Решебник по алгебре и начала математического анализа 11 класс Колягин Задание 1027

\[1)\ y = 3^{x} + 1\]

\[D(x) = ( - \infty;\ + \infty);\]

\[ни\ четная,\ ни\ нечетная:\]

\[y( - x) = 3^{- x} + 1 = \frac{1}{3^{x}} + 1;\]

\[\lim_{x \rightarrow - \infty}\left( 3^{x} + 1 \right) = 0 + 1 = 1;\]

\[y^{'}(x) = \left( 3^{x} \right)^{'} + 1^{'} = 3^{x}\ln 3 > 0;\]

\[E(y) = (1;\ + \infty).\]

\[2)\ y = \left( \frac{1}{2} \right)^{x} - 3\]

\[D(x) = ( - \infty;\ + \infty);\]

\[ни\ четная,\ ни\ нечетная:\]

\[y( - x) = \left( \frac{1}{2} \right)^{- x} - 3 = 2^{x} - 3;\]

\[\lim_{x \rightarrow + \infty}\left( \left( \frac{1}{2} \right)^{x} - 3 \right) = 0 - 3 = - 3;\]

\[y^{'}(x) = {\left( \frac{1}{2} \right)^{x}}^{'} - 3^{'} =\]

\[= \left( \frac{1}{2} \right)^{x}\ln\left( \frac{1}{2} \right) < 0;\]

\[E(y) = ( - 3;\ + \infty);\]

\[3)\ y = \log_{2}(x + 1)\]

\[x + 1 > 0\]

\[x > - 1;\]

\[D(x) = ( - 1;\ + \infty);\]

\[ни\ четная,\ ни\ нечетная:\]

\[y( - x) = \log_{2}( - x + 1);\]

\[y^{'}(x) = \left( \log_{2}(x + 1) \right)^{'} =\]

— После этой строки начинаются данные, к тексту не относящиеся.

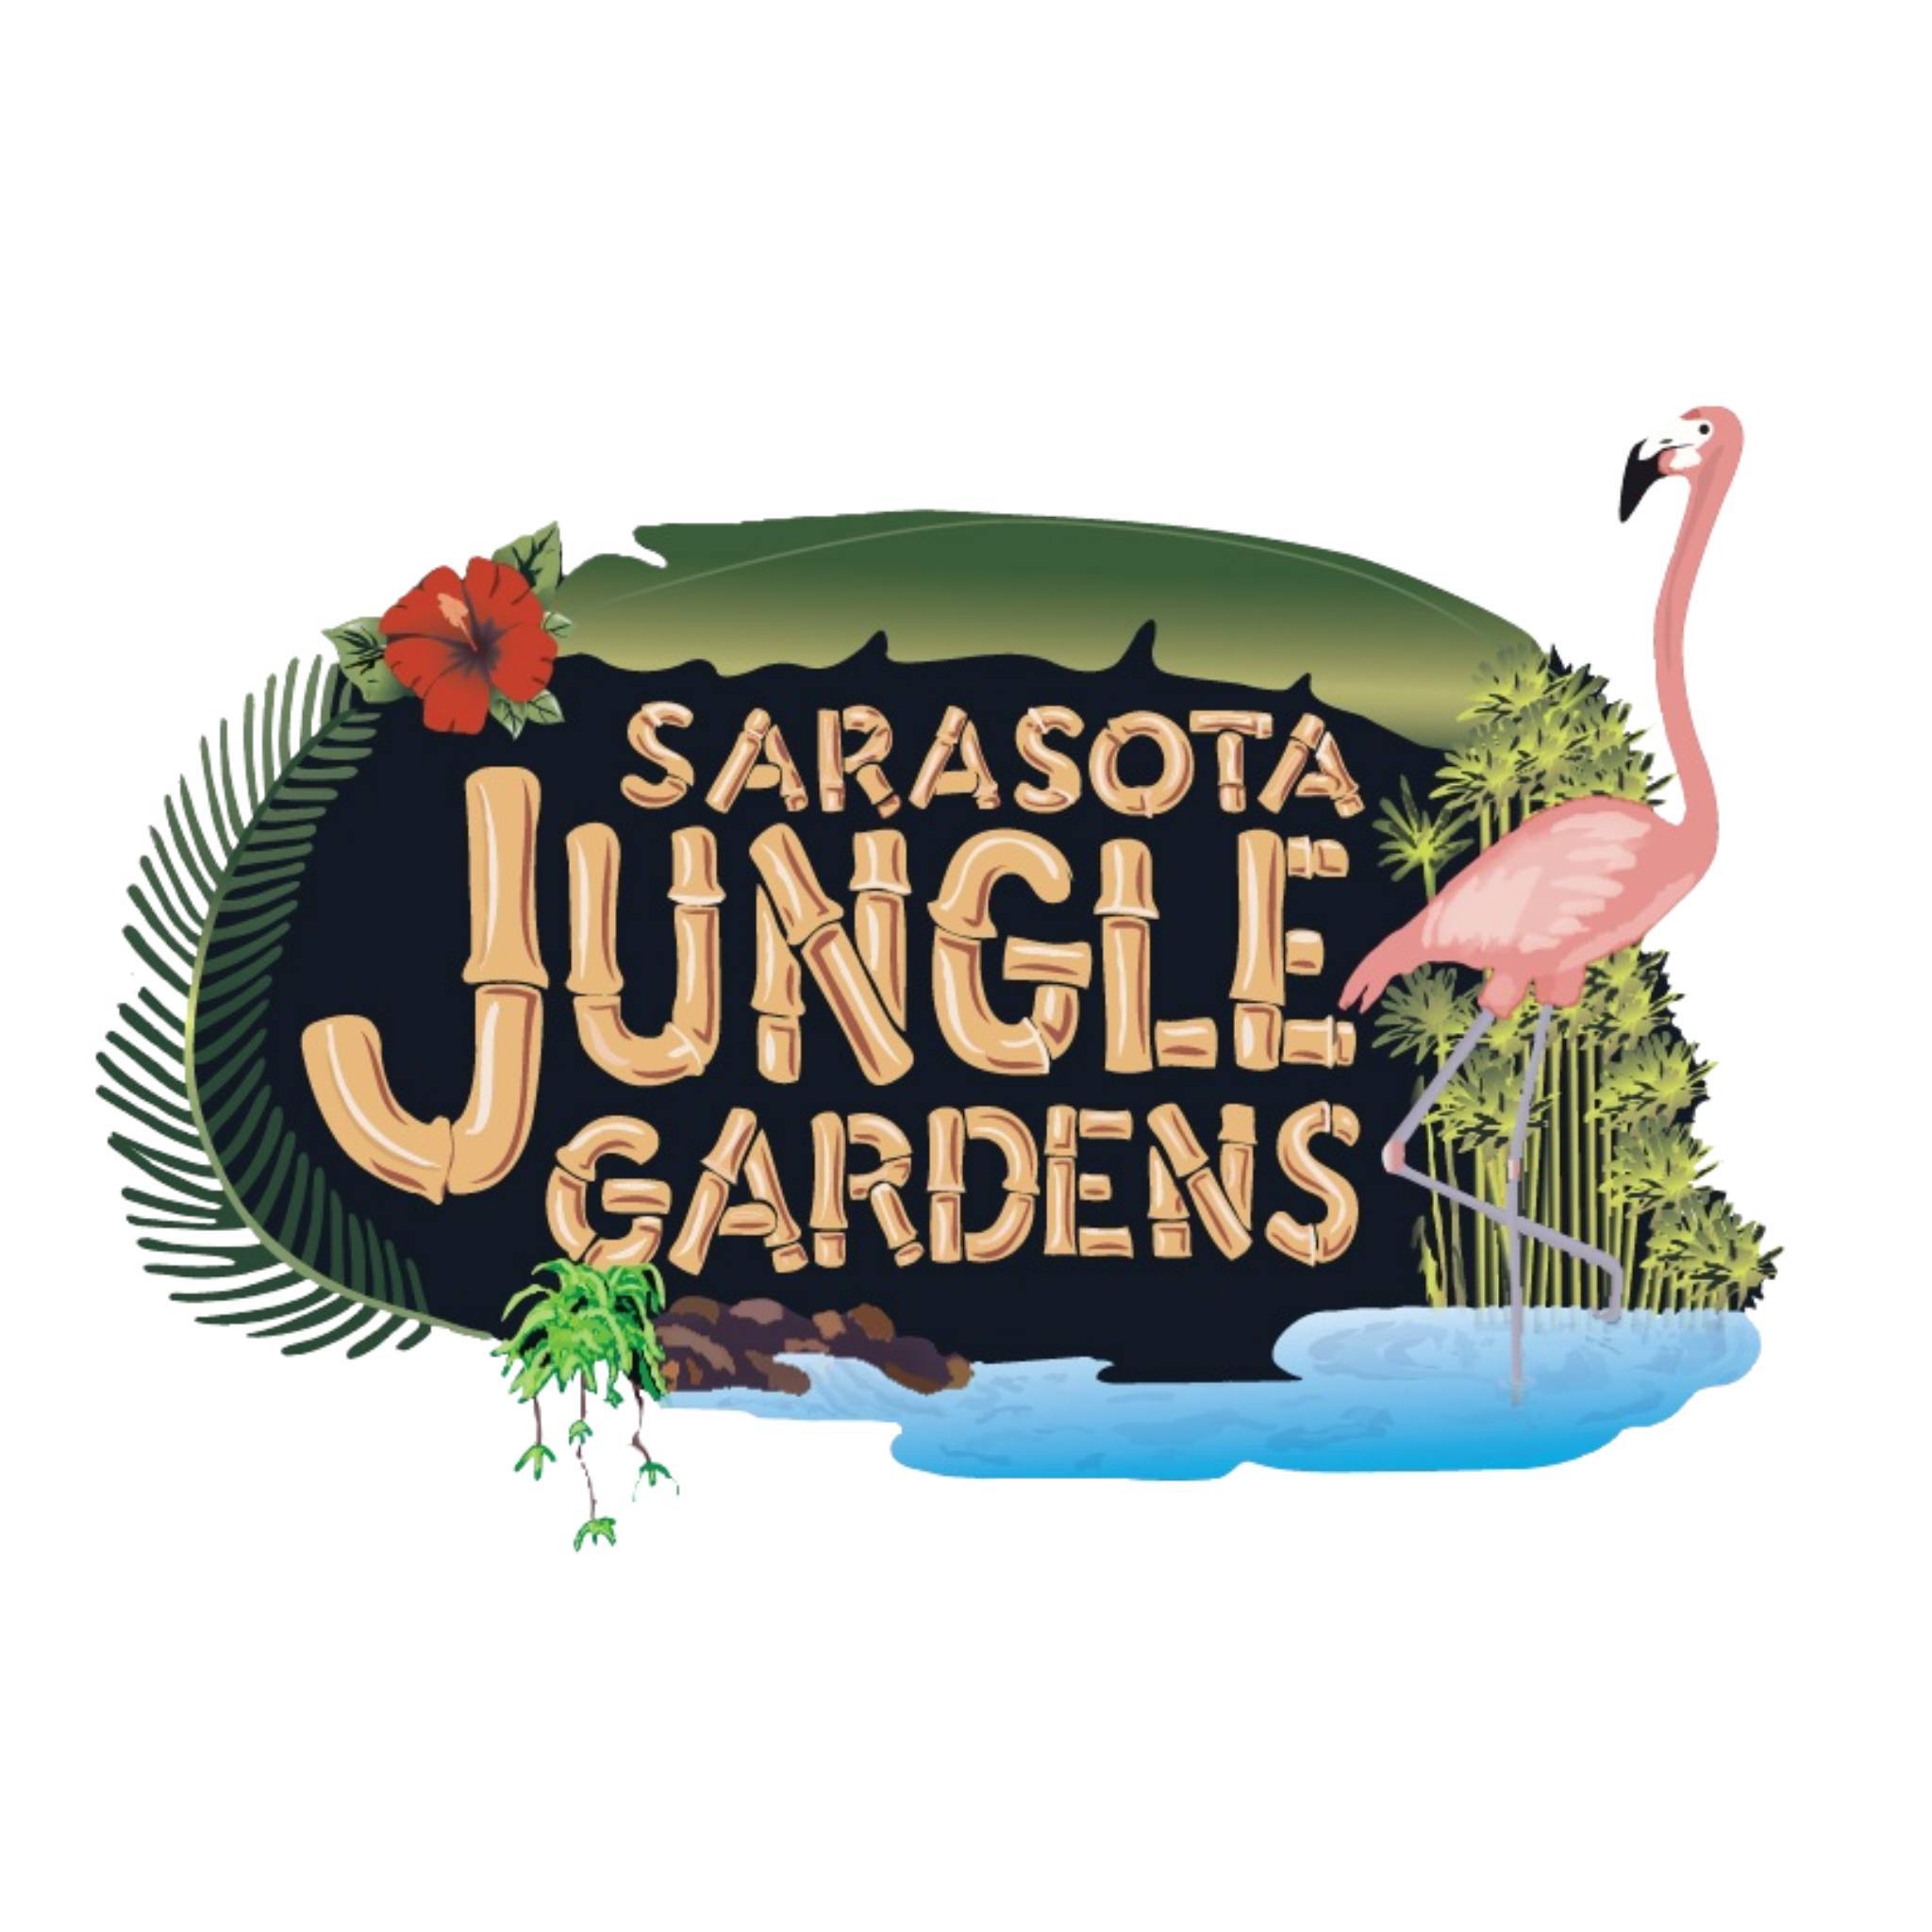 Sarasota Jungle Gardens|Park|Travel

\[= \frac{1}{(x + 1) \bullet \ln 2};\]

\[Промежуток\ возрастания:\]

\[x + 1 > 0.\]

\[x > - 1.\]

\[E(y) = ( - \infty;\ + \infty);\]

\[4)\ y = \log_{\frac{1}{3}}(x - 1)\]

\[x - 1 > 0\]

\[x > 1;\]

\[D(x) = (1;\ + \infty);\]

\[ни\ четная,\ ни\ нечетная:\]

\[y( - x) = \log_{\frac{1}{3}}( - x - 1);\]

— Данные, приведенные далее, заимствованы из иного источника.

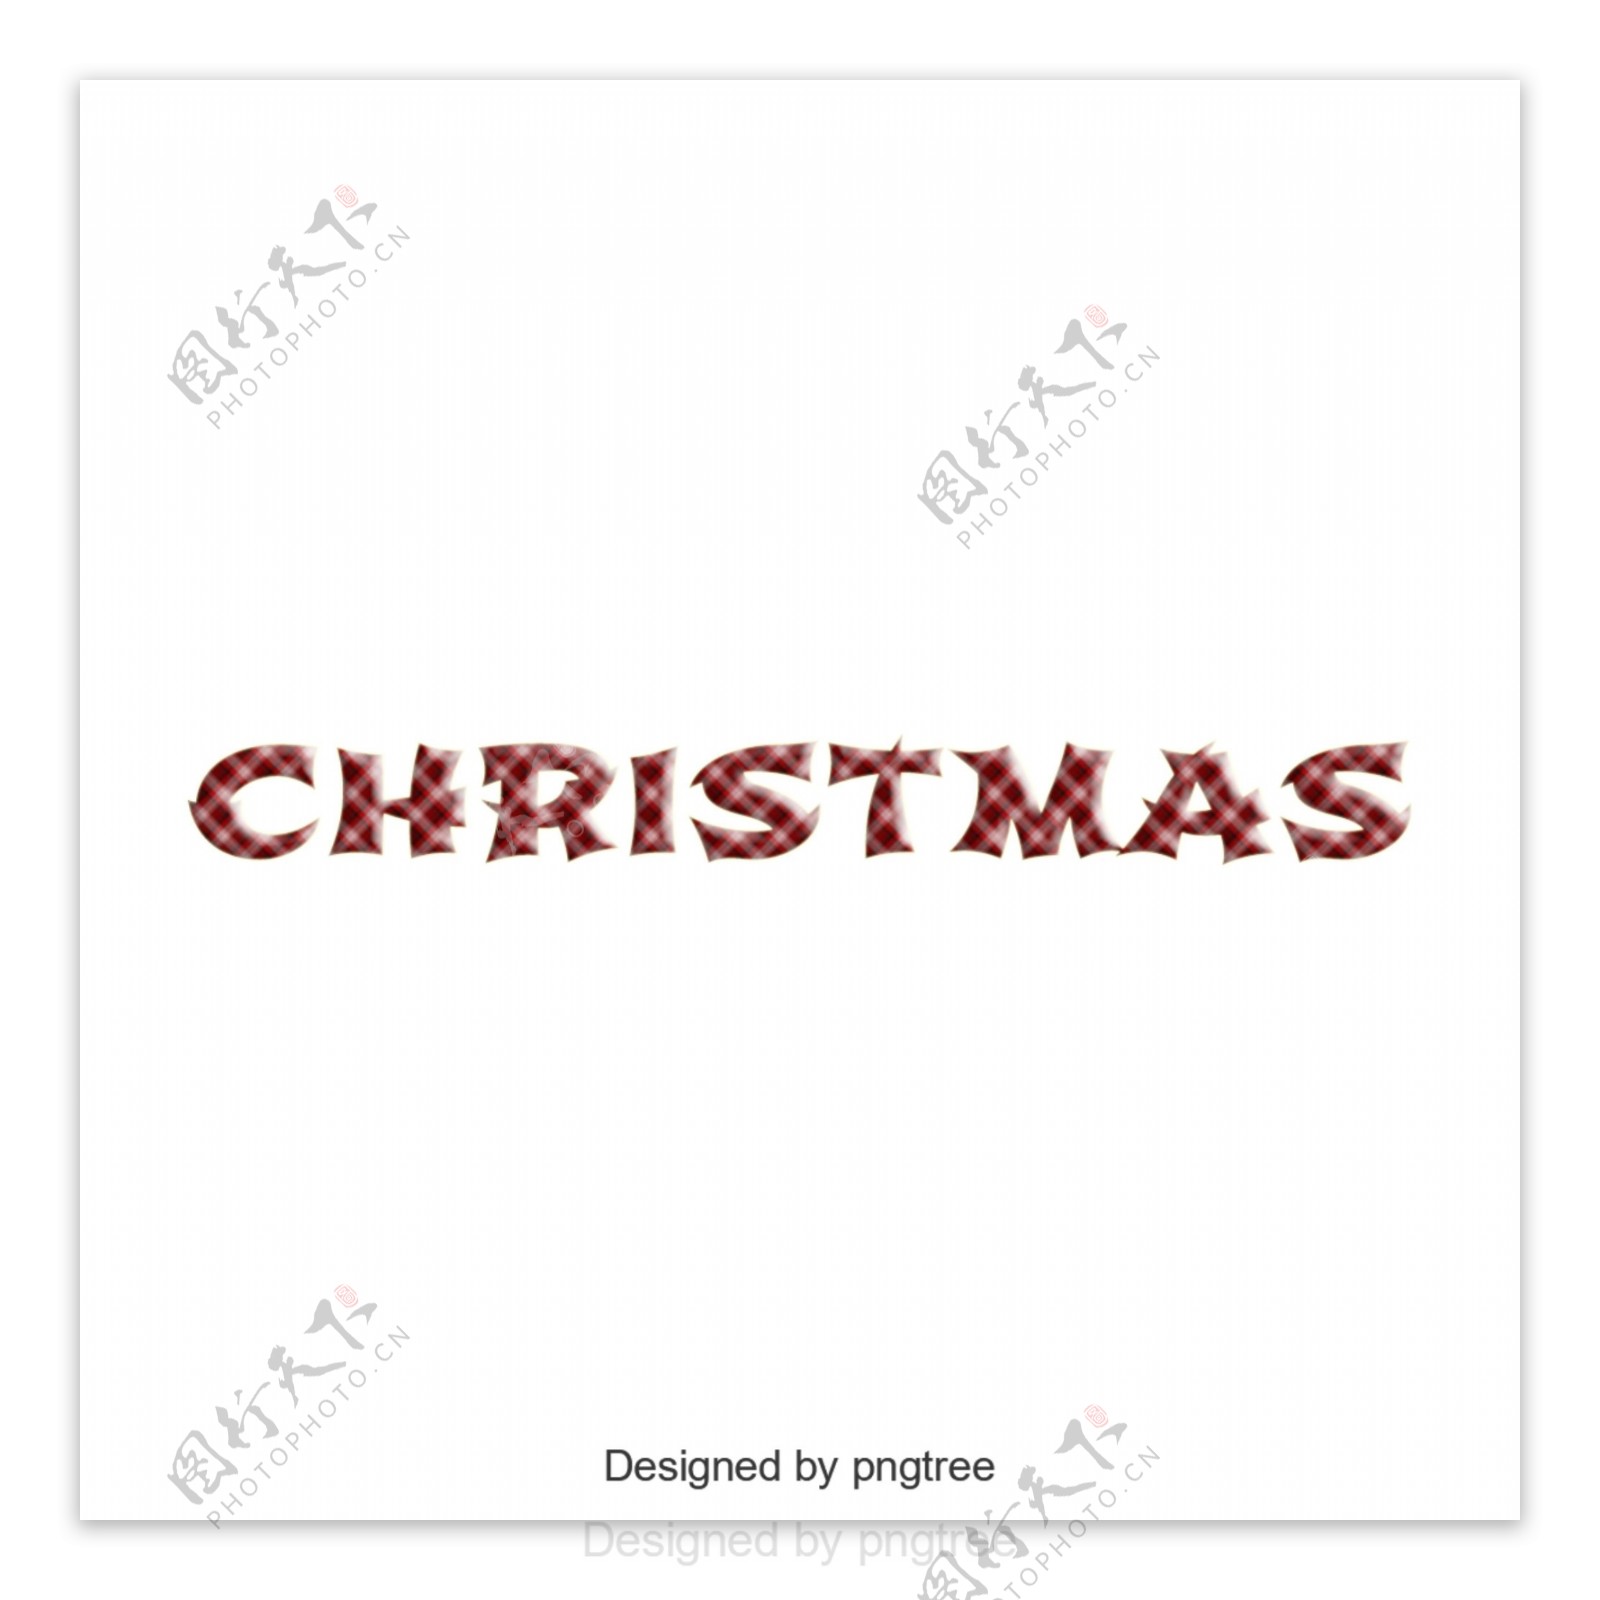 英语字母表的渐变圣诞设计的艺术特征

\[y^{'}(x) = \left( \log_{\frac{1}{3}}(x - 1) \right)^{'} =\]

\[= \frac{1}{(x - 1) \bullet \ln\frac{1}{3}};\]

\[Промежуток\ убывания:\]

\[x - 1 > 0\]

\[x > 1.\]

\[E(y) = ( - \infty;\ + \infty).\]

\[5)\ y = \sqrt{x + 1} - 2\]

\[x + 1 \geq 0\]

\[x \geq - 1;\]

\[D(x) = \lbrack - 1;\ + \infty);\]

\[ни\ четная,\ ни\ нечетная:\]

\[y( - x) = \sqrt{- x + 1} - 2;\]

\[y^{'}(x) = \frac{(x + 1)^{'}}{2\sqrt{x + 1}} - 2^{'} =\]

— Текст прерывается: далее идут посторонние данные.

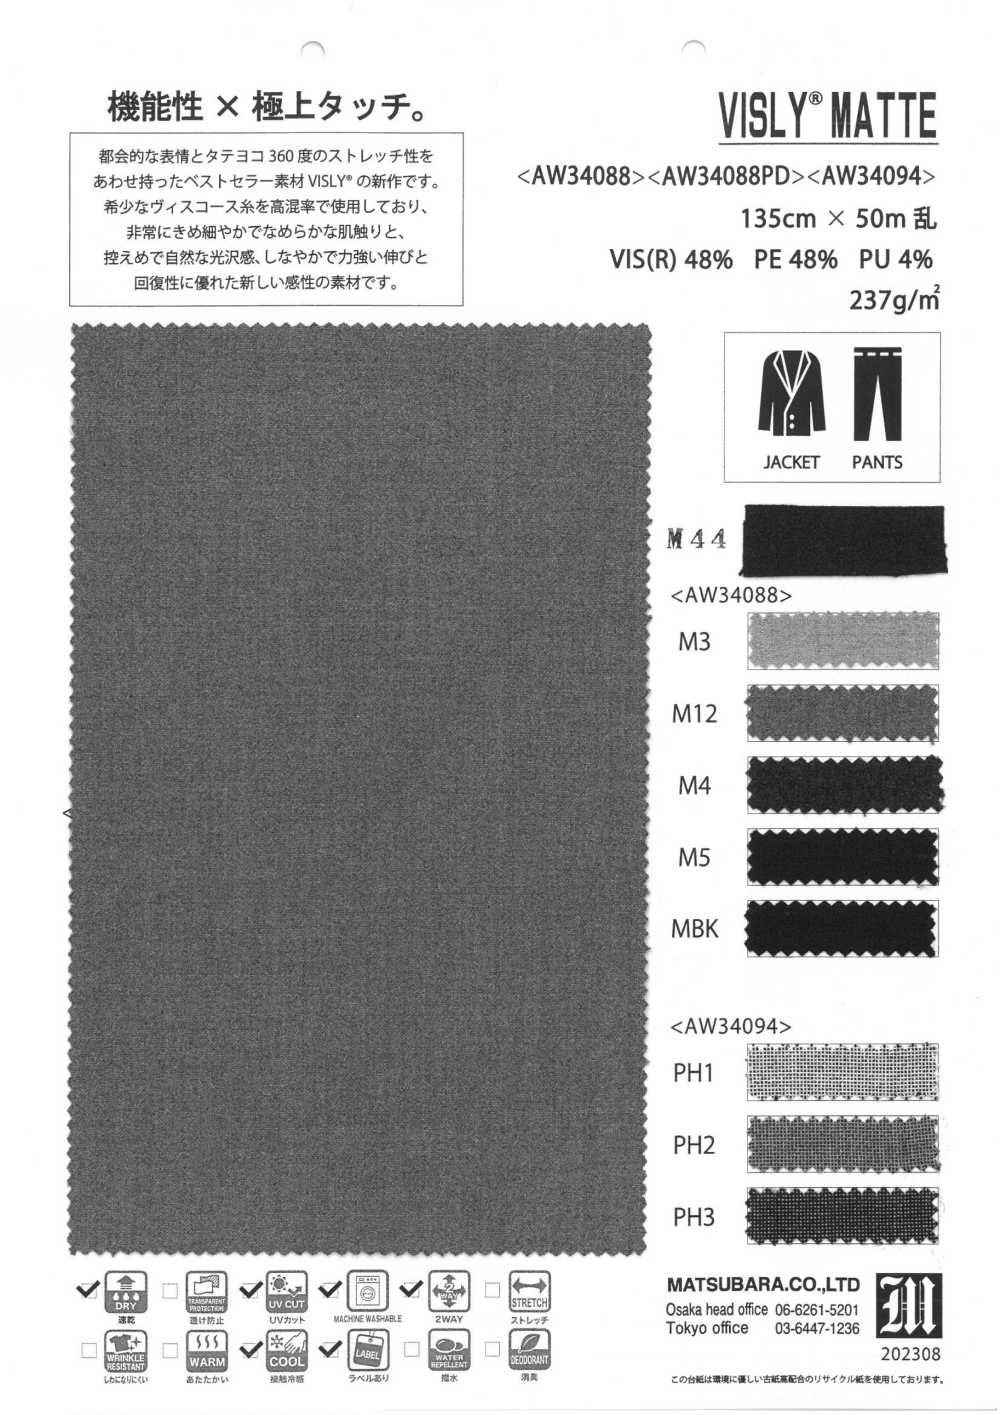 AW34088PD Bisley Mat[Textile / Fabric] Matsubara

\[= \frac{1}{2\sqrt{x + 1}} > 0;\]

\[y( - 1) = \sqrt{- 1 + 1} - 2 = - 2;\]

\[E(y) = \lbrack - 2;\ + \infty).\]

\[6)\ y = \sqrt{2x - 1} + 1\]

\[2x - 1 \geq 0\]

\[x \geq 0,5;\]

\[D(x) = \lbrack 0,5;\ + \infty);\]

\[ни\ четная,\ ни\ нечетная:\]

\[y( - x) = \sqrt{- 2x - 1} + 1;\]

\[y^{'}(x) = \frac{(2x - 1)^{'}}{2\sqrt{2x - 1}} - 1^{'} =\]

\[= \frac{2}{2\sqrt{2x - 1}} > 0;\]

\[y(0,5) = \sqrt{2 \bullet 0,5 - 1} + 1 = 1;\]

\[E(y) = \lbrack 1;\ + \infty).\]